The entries below contain pictures. Write out only the lines from the line with "Wine and Wills event 821(1)" up to and including the line with "Cock ring jar", exactly, without them.
DATASET START
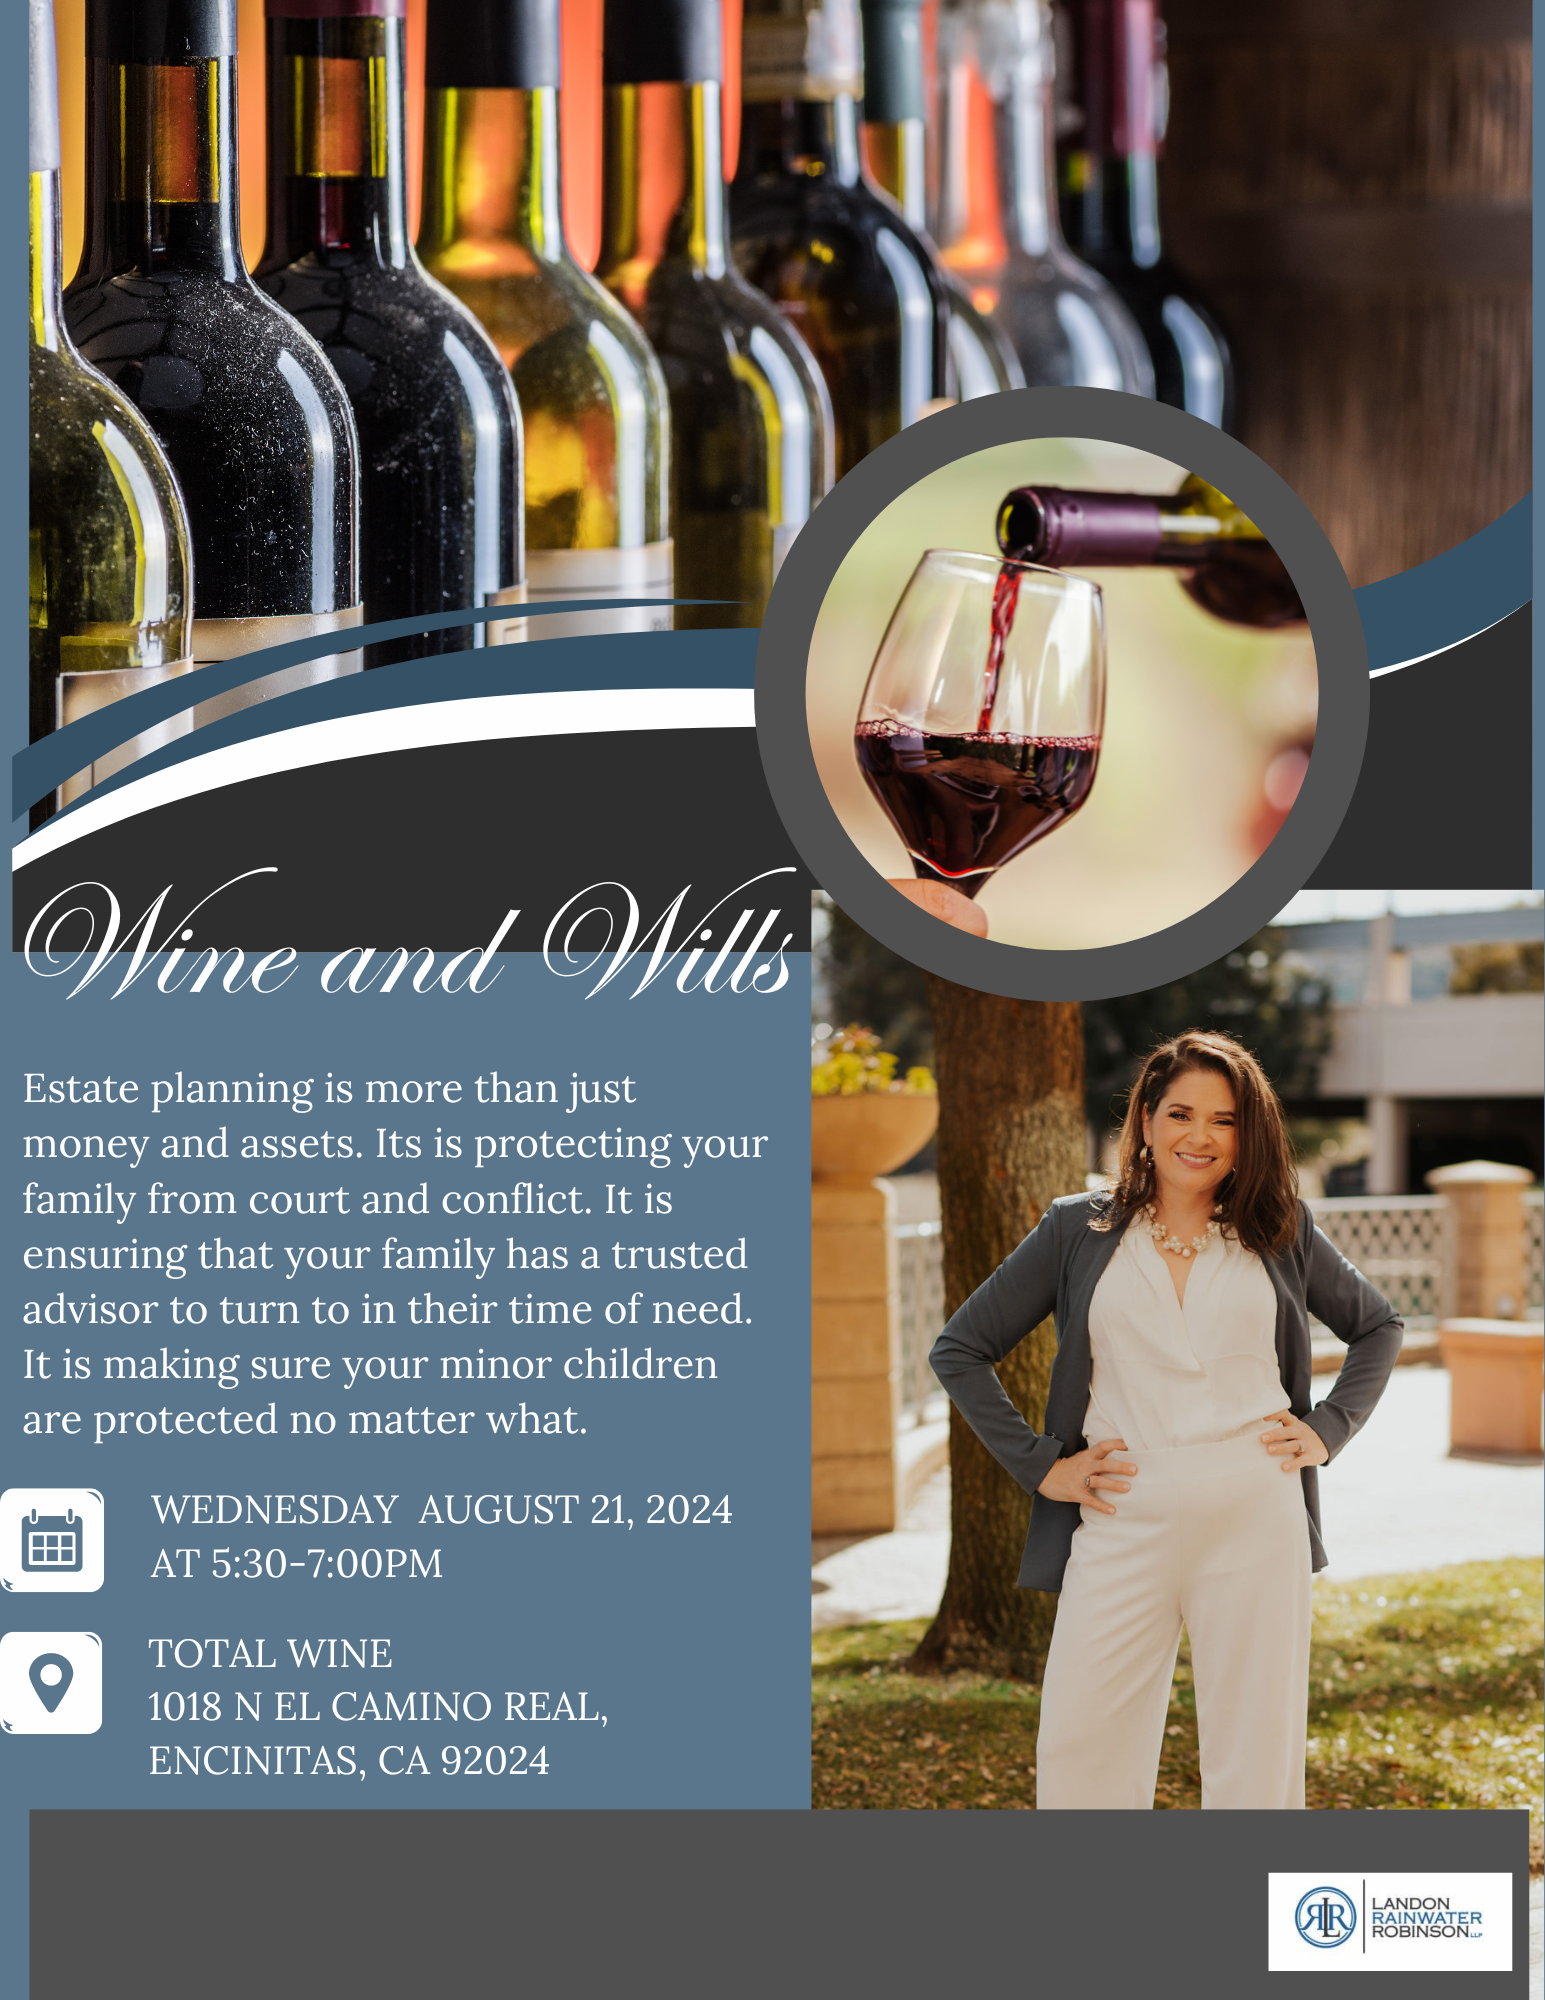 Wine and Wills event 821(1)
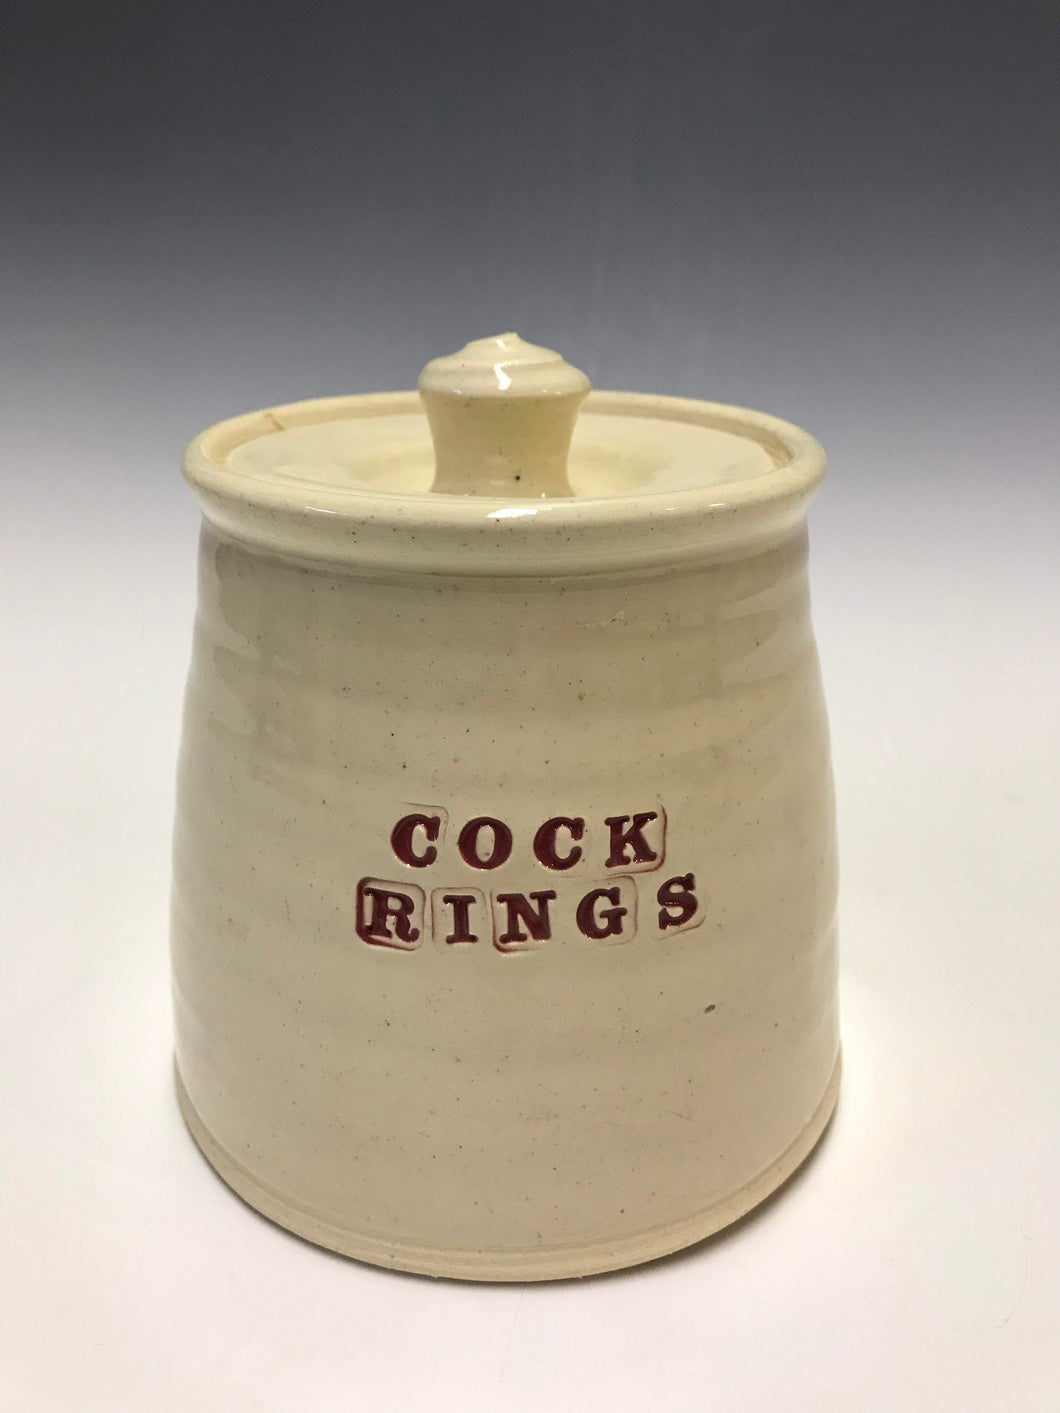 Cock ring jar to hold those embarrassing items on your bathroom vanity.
DATASET END
DATASET START
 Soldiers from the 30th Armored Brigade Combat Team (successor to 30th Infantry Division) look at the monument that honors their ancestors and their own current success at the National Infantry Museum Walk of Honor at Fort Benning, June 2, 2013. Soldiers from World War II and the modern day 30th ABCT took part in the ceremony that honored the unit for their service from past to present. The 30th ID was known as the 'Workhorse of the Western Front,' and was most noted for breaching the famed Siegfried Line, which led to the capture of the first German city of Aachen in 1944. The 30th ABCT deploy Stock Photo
DATASET END
DATASET START
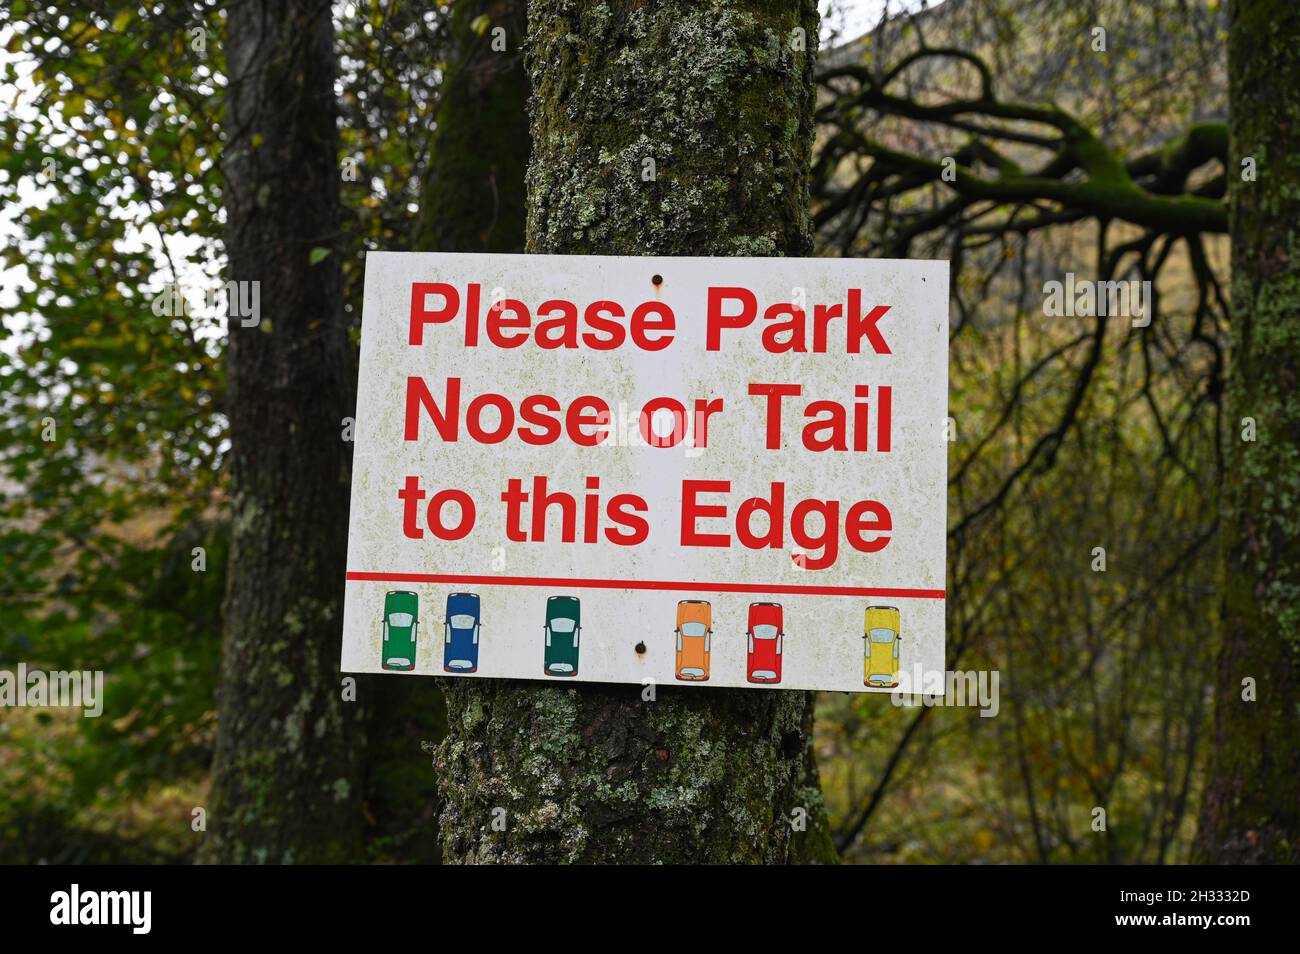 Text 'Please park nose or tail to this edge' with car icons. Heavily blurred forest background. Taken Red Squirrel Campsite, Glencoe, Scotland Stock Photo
DATASET END
--- COMPLETED EXERCISE ---
 Wine and Wills event 821(1)
 Cock ring jar to hold those embarrassing items on your bathroom vanity.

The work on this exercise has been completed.